Я остановился передохнуть перед каменным садовым домиком, – там было прохладно. Мало-помалу сделалось свежее, влажнее, темнее, а домик озарился сумеречным желтым светом. Он пуст, подумалось мне, но тут я увидел сидящего человека; я не разглядел его лица; на нем была одежда, которую, казалось, целый век не снимали. Он что-то писал; на высоком черном ящике лежали свитки пергамента, которые время от времени шевелились, словно куски бересты или древесные стружки под ветерком в глухом уголке леса или неприбранной мастерской. Для пишущего, казалось, не существовало внешнего мира, я видел только, как он порой сжимал кулак, и судорога страдания проходила по нему; на мгновение он оторвался от своего занятия, затем снова погрузился в него.
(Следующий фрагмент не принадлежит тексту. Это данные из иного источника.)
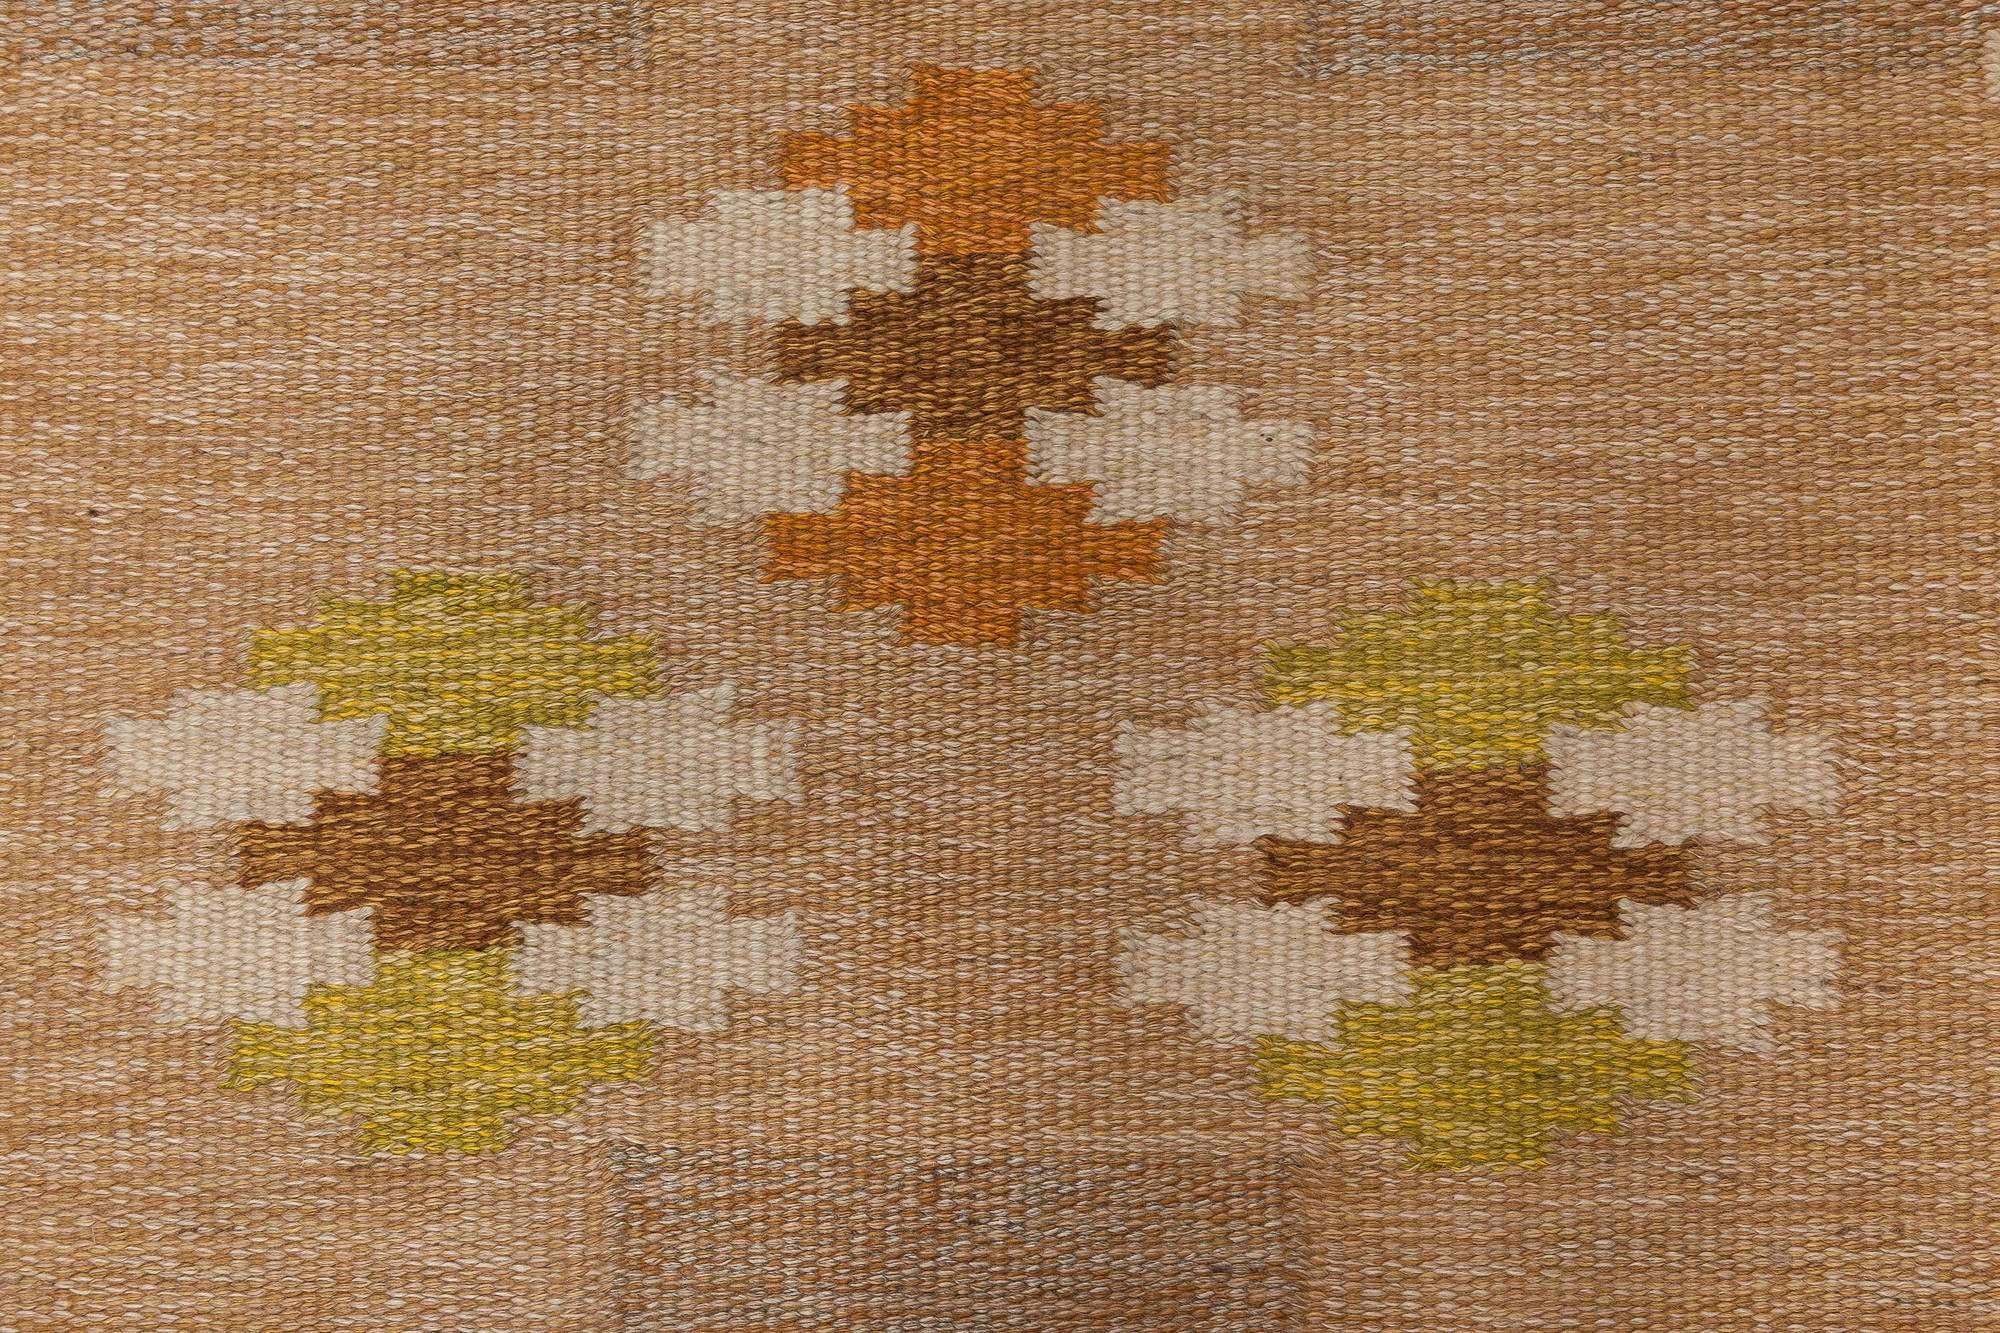 Mid-20th century Swedish flat-weave wool rug signed by Ingegerd Silow
Size: 4'5

Какое дело было мне до этого пишущего человека? Пойду-ка я отсюда; но я вдруг заметил, что я уже не я. Я исчез. Меня там больше не было, и я не шел к пляжу. Где же я, ведь не сделался я этим пишущим человеком, о нет! Я хотел закричать, прогнать его, как зверя, ночью перебегающего нам дорогу, но у меня не было ни языка, ни рук, ни ног, и всё же пот стекал каплями на землю, – не моя ли это кровь, выцветшая от глубокой старости? Неужто я теперь, стоя там, наверстывал расстояние до смерти, не стану ли я в скором времени горсткой праха в узкогорлой урне? И всё же лучше так, чем быть этим, чья участь, участь…
Он встал и медленно, очень медленно подошел к окну, – очень близко подошел он к окну; я не видел его лица, но еще немного, и он дотронется до позеленевшего стекла, тогда я увижу его, тогда он отступит, тогда я стану им. Стекло звякнуло, я уставился на свою окровавленную руку. Внутри, за разбитым окном, было темно, – видна была только рука, двигавшаяся вверх-вниз по серому пергаменту; вторая висела безвольно; глаз, уставившийся на эту руку, вместо второго – пустая красная впадина. Я мог убежать, тело мое влеклось через сад; и вдруг оно словно прыжком достигло места стоянки… Робко и медленно подгреб спасительный сампан, подобрал меня, отвез на борт. Черный грязный корабль, лежащий на воде, казался мне единственным безопасным местом на земле, тот же самый корабль, с которого я – как надолго? – пару часов назад с отвращением сбежал. Прыжок на фалреп
[59], доллар в удивленную ладонь – побег удался!
Но, переводя дух в своей каюте, я чувствовал, что некая часть меня уже отчуждена, превратилось в нечто иное, словно под влиянием выделений злокачественной опухоли, – с ее появлением организм изменяется. И всё же я был по-прежнему телеграфистом, делавшим свою работу, – отправлял и принимал телеграммы; с другими моряками я изъяснялся застывшими оборотами речи, но размышлял уже длинными, сложными фразами – о последствиях судьбы, которой сам еще не знал, о разочаровании, изгнании, любви к женщине, к стране, – обе этой любви не достойны, обе совершенно недосягаемы, но оттого и притягательны.